OREANDA-NEWS. July 22, 2008. Against the background of an ever tougher risk environment and growing demands from investors, regulators and rating agencies, PricewaterhouseCoopers says that many insurers and other financial services organisations are asking questions about the effectiveness of ERM and its ability to deliver a return on investment or meet the expectations of stakeholders, reported the press-centre of PricewaterhouseCoopers

Good progress has been made in terms of developing and implementing ERM capabilities amongst insurers. More than 90% of survey respondents have ERM programmes in place and see it as an opportunity to improve decision-making and increase shareholder value.

ERM is also clearly a boardroom priority across the industry, (66% strongly agree and 23% slightly agree), with some 40% of respondents stating that their firm has a board-level ERM committee. The role of the chief risk officer (CRO) is also gaining in stature with around 60% of firms saying that their CRO communicates directly with the board on at least some risk management issues.

And yet, despite progress at the top, the study found that ERM is, in many cases, neither relevant to nor clearly understood by business teams. It is not fully embedded into strategic decisions and its integration into day-to-day decision making and frontline risk taking within many insurance companies remains limited, potentially undermining its ability to deal with a more complex risk environment and more exacting stakeholder expectations. Fewer than half of survey participants are confident that ERM has been embedded into their strategic planning, resource allocation and performance management functions.

Sergey Kostrikov, Partner, PricewaterhouseCoopers, said:

“Senior management expectations of ERM have soared as they increasingly look for ERM to help them strike the right balance between risk and reward amid mounting competition, a softening of non-life rates and the credit turmoil which has highlighted systematic risk management failures in many financial services businesses. At the same time, the evolving risk environment and more exacting analyst, investor, regulator and rating agency expectations are raising the bar for ERM, increasing the pressure on insurers to put risk at the heart of their strategy and operations.

“The findings of our latest survey indicate that while many insurers have made valuable progress in developing effective ERM capabilities, unless they make ERM relevant to and integral across their businesses as a whole it will not meet expectations and achieve anticipated objectives.”

Risk limits often do not reflect enterprise-wide risk appetite

Procedures for monitoring and control are often still orientated around separate risk/business silos, making a portfolio view of risk difficult to sustain. While most insurers are at least ‘fairly confident’ (and 44% are ‘very confident’) that they have clearly defined their risk appetite, critically, the alignment of risk appetite and key business decisions is often limited.
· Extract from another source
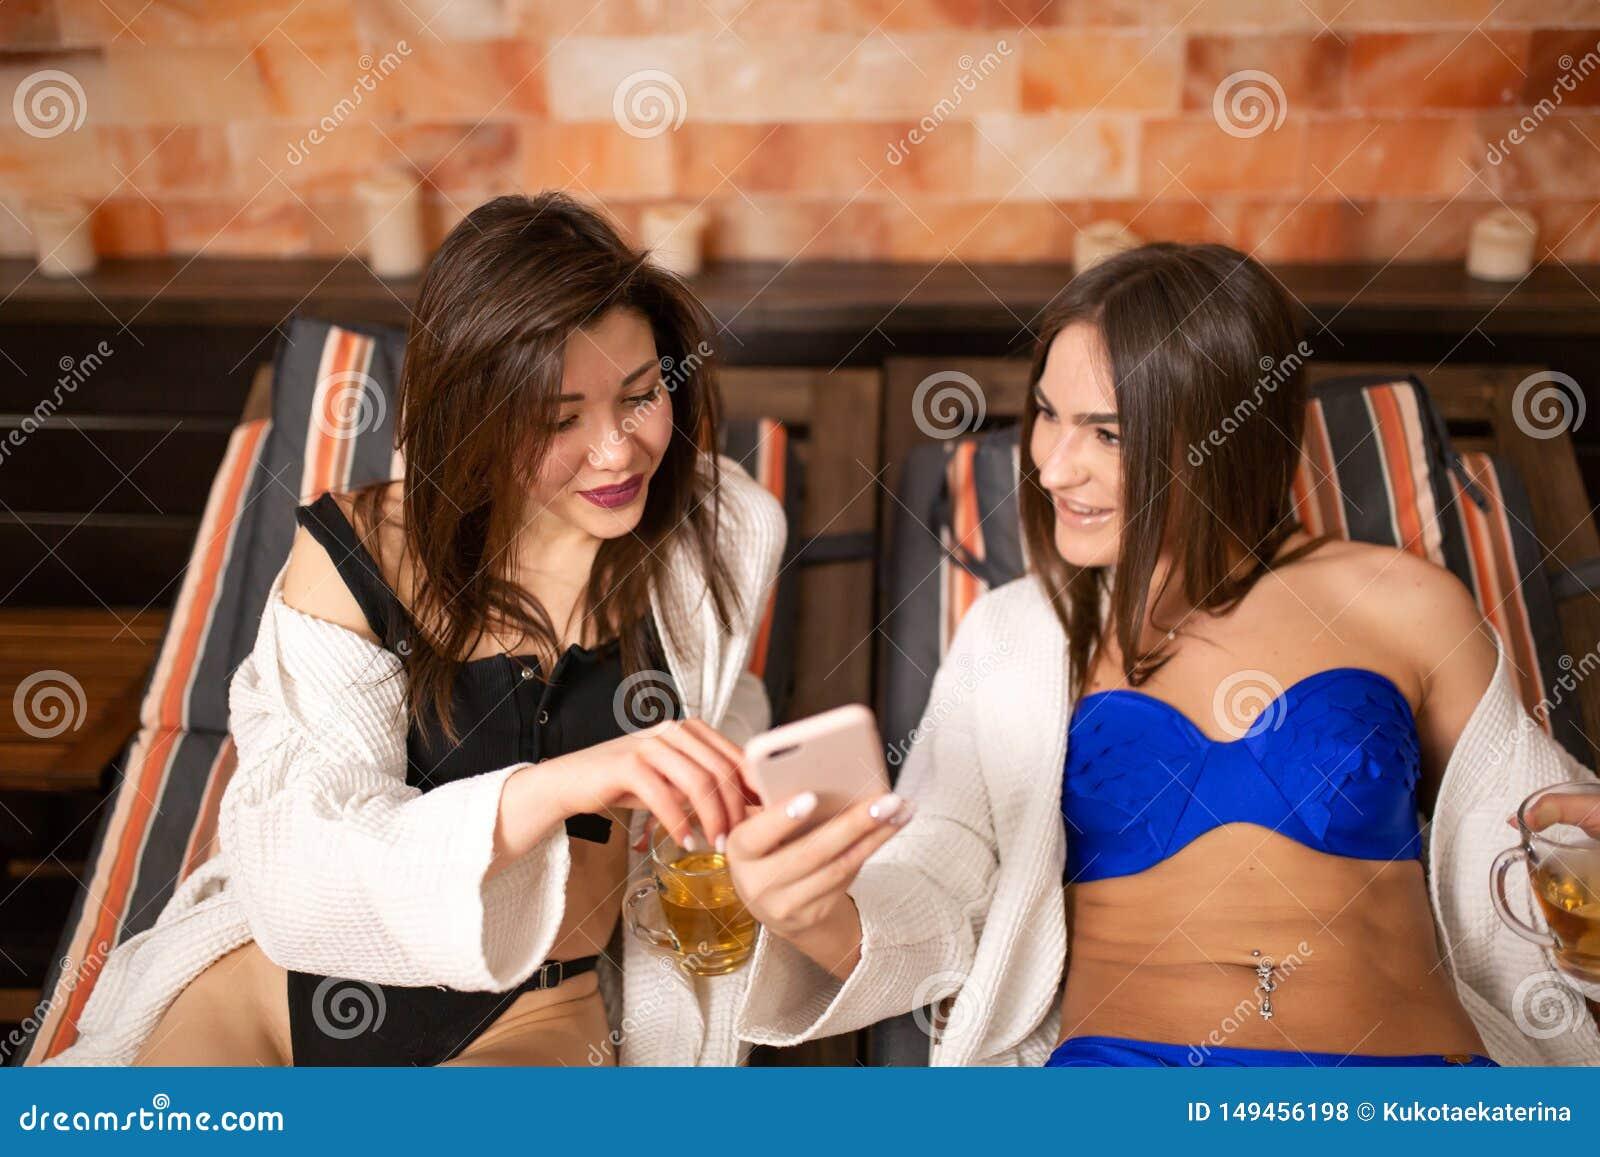 Dwa pi?knej m?odej dziewczyny w swimsuits k?a?? na drewnianym lounger w sauna dyskutuj? wiadomo?? podczas gdy patrzej?cy w telefo
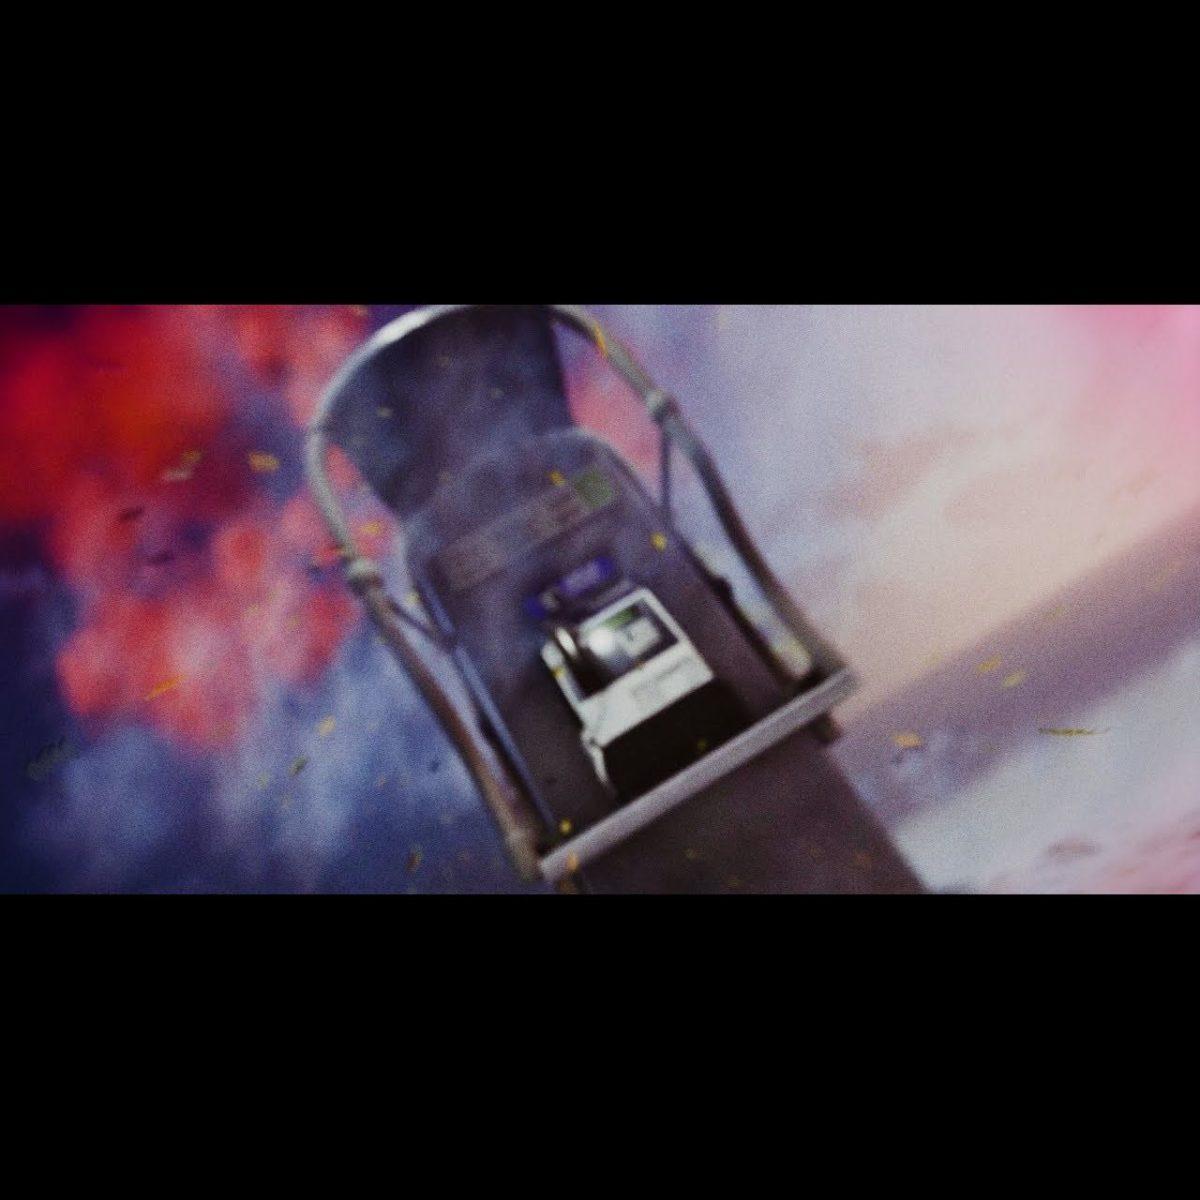 Pop Smoke - Make It Rain (ft. Rowdy Rebel) (Thumbnail)

ERM effectiveness is often hindered by poor risk information and analysis

Many respondents also recognise that their risk and data systems are still patchy. According to the survey, fewer than 40% of respondents believe their firm’s risk data and systems are ‘good’ or ‘excellent’, only a marginal improvement from 2004. Communication and escalation of risk information were also highlighted as areas of weakness. Many participants are still finding it difficult to monitor and manage emerging risks, and fewer respondents appear to be using their ERM knowledge to identify and capitalise on unfolding opportunities, rather than simply mitigating their exposures.

Attracting and retaining talent is critical

Good people are critical to developing the status and effectiveness of ERM. It is telling that few respondents felt able to answer the question about the industry’s ability to attract, hire and train competent risk managers.

Sergey Kostrikov, Partner, PricewaterhouseCoopers, said:

“Greater attention to recruitment and career development will be critical in ensuring that organisations have the people they need to develop and deliver value from ERM. In turn, more effective training could help to improve awareness of risk and enhance understanding of how ERM worked and can contribute to the business.”

The PricewaterhouseCoopers global survey demonstrates a strong commitment for ERM but if insurers want to take ERM to the next level, they need to develop a much stronger firm-wide understanding of its mission and objectives, a clearer allocation of appropriate roles and responsibilities and the ability to leverage risk management capabilities that already exist within the company.

Sergey Kostrikov, Partner, PricewaterhouseCoopers, concluded:

“Developing ERM (enterprise risk management) is as relevant for Russian insurers as it is for Western ones. The insurance market’s rapid growth, particularly in car insurance and mortgages, and the consequent rapid growth of Russian insurance portfolios can set back the organisation of adequate risk management systems — not only for underwriting risks, but for operational ones as well.

Consequently, to give one example, corporate systems aimed at combating one of the key operational risks — insurance fraud — have a number of significant weaknesses: use of outdated systems and technology, inadequate attentiveness on the part of employees and partners, incentive systems marked by inconsistencies that hamper risk identification, etc. Only a few Russian companies exploit ERM opportunities: according to our data, only three of the 10 leading Russian insurers implement some kind of integrated ERM elements.

It is likely 2008 will provide an immediate challenge to the efficacy and organisational relevance of ERM as insurers face market and economic stress. However, within this challenging environment, effective ERM could help companies to sustain investor confidence, identify commercial opportunities and allocate scarce capital where it can earn its best risk adjusted return.”